Dr. H. Thanish Brauneberger Müller-Burggraef Juffer-Sonnenuhr Riesling Spätlese Mosel 2005
A draught of this is like a breath of mountain air, light and clean; and as the lychee and baked apple flavors resolve into lime on the finish, the wine starts pressing down on the tongue, the way a masseuse leans into your back with the heel of his hand. Not that you'd mistake that weight for anything heavy, or big, but it's persistent. White spice emerges against pasta with pinjur, while the sweetness, the acidity, and the food-friendly alcohol levels (9.5%) are that eggplant-and-tomato sauce's perfect dance partners.

François Chidaine Vouvray Le Bouchet 2005
Now this, by contrast, has weight. Yet it's a baby. It's so young. It's NASCENT. There's not much obvious about this organically grown demi-sec Vouvray, but pay attention to this quiet child and you might think he (Lorie Chenins are never macho but always male, in my mind) is a prodigy.
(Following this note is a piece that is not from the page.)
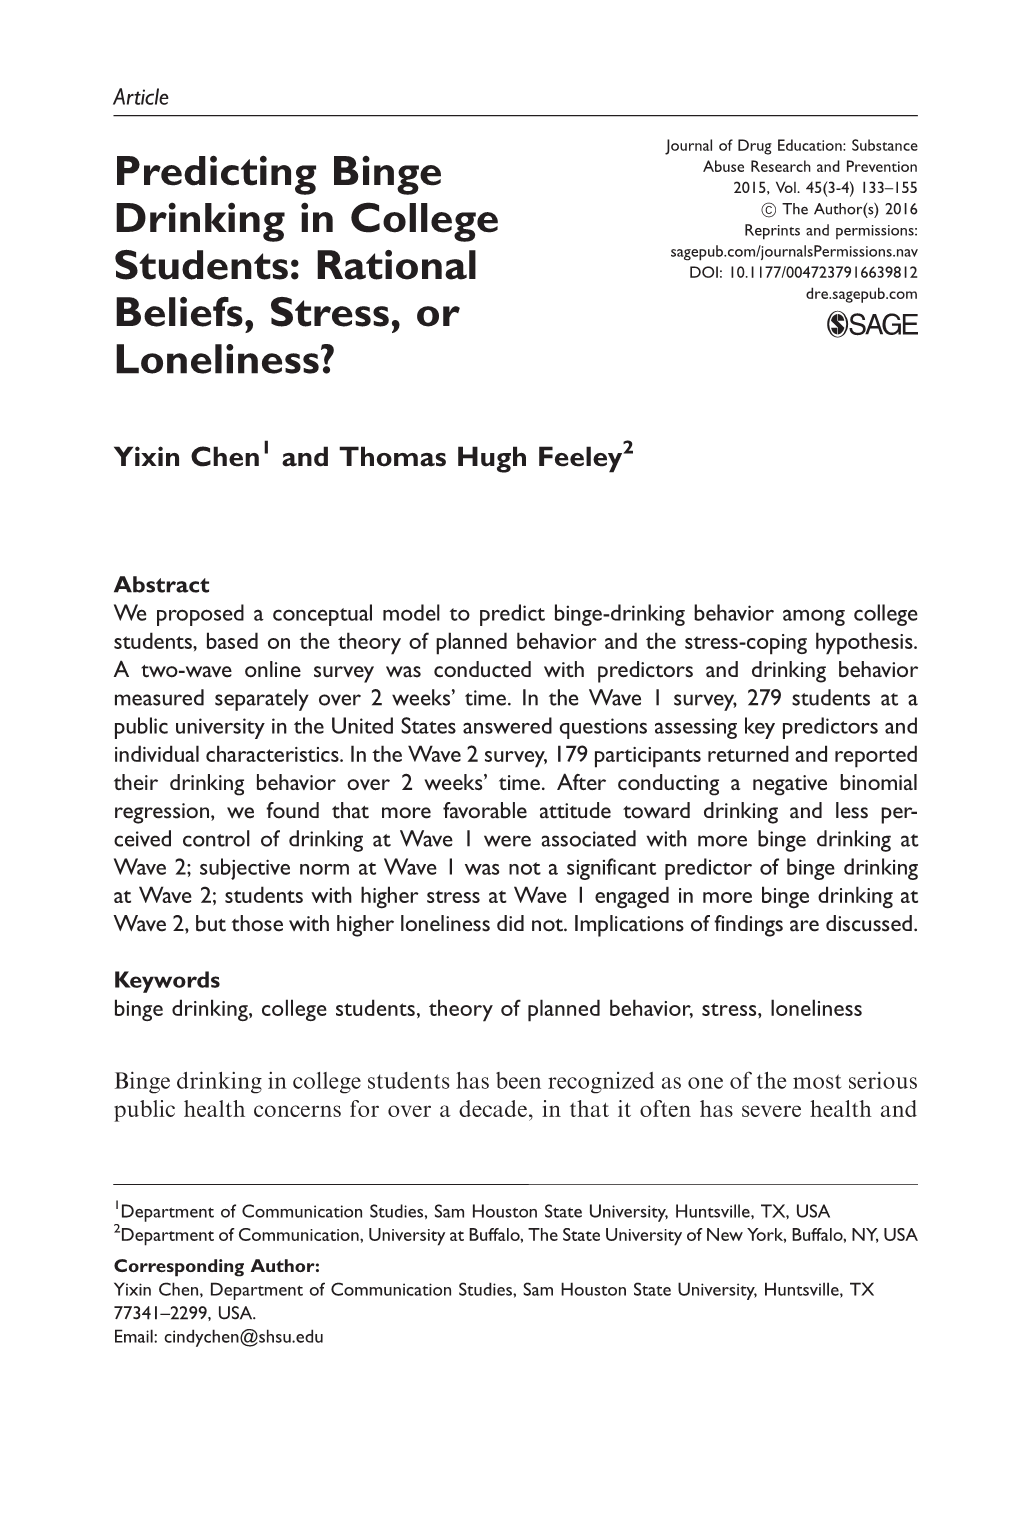 Predicting Binge Drinking in College Students: Rational Beliefs, Stress
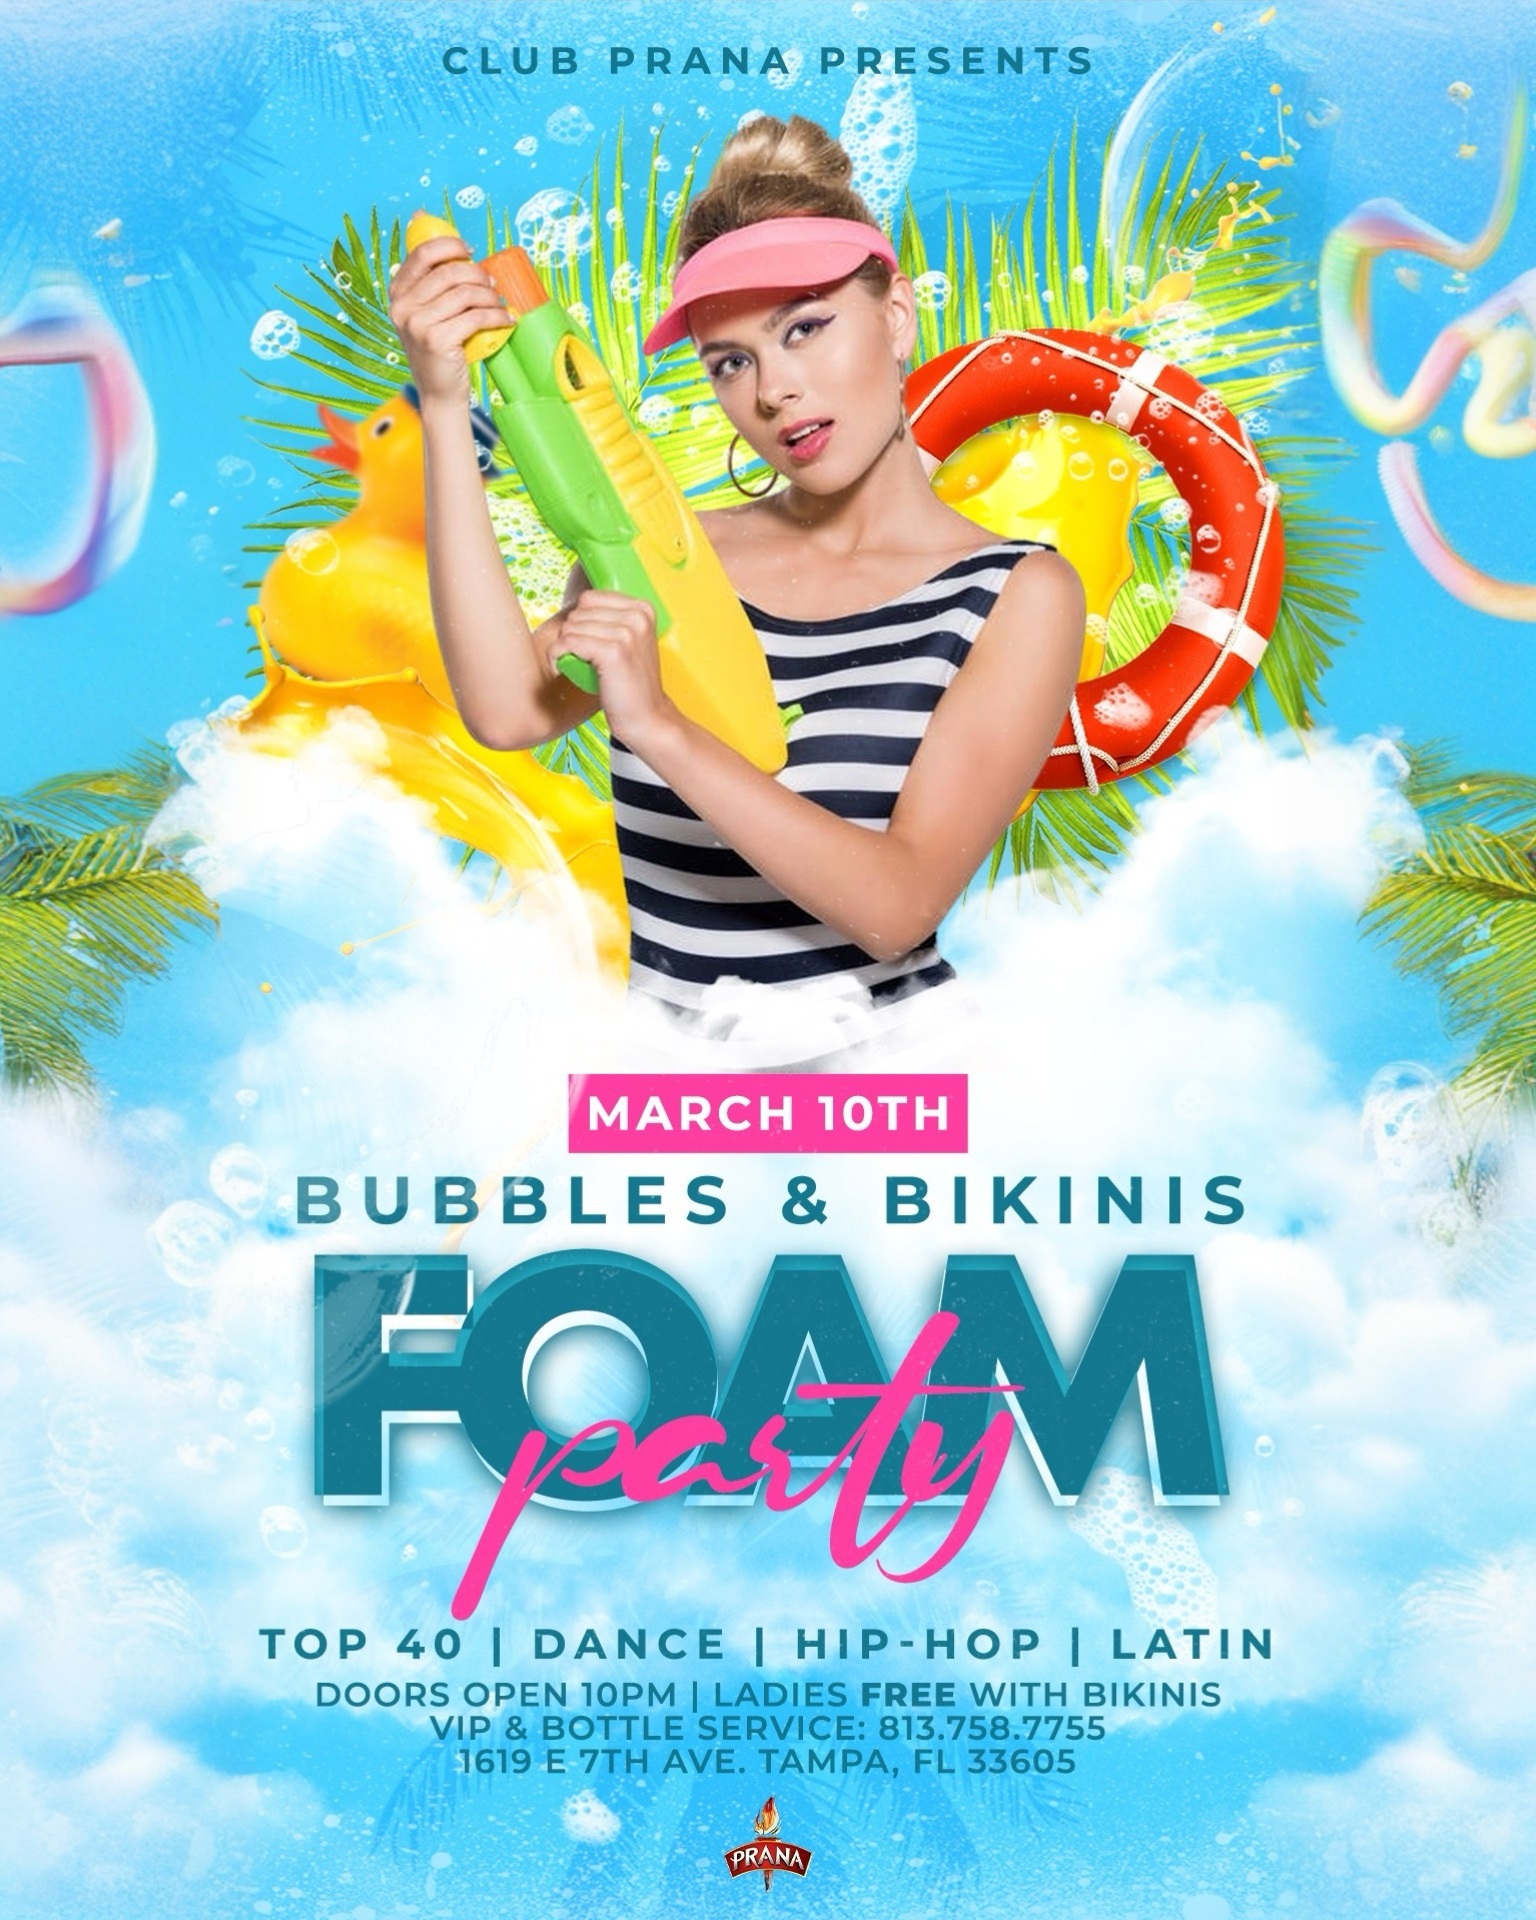 Bubbles & Bikinis Foam Party - Spring Break At Club Prana March 10th

Time will tell. Meanwhile, this happy baby is well-tempered and curious and not fussy. Telltale Loire beeswax hits the nose. Rich but nascently lifting notes of fig, pear tart, tangerine, and cinnamon-dusted baked apples consume every sense and resolve into an unmistakable note of ruby red grapefruit, whether or not it's confronted with spicy stir fry flavors — which which, of course, it pairs very well. Interestingly, the sweetness quickly spreads beyond the front of the tongue and resolves into an impression of flaky pastry. Give it a few years and this fucker is going to FLY.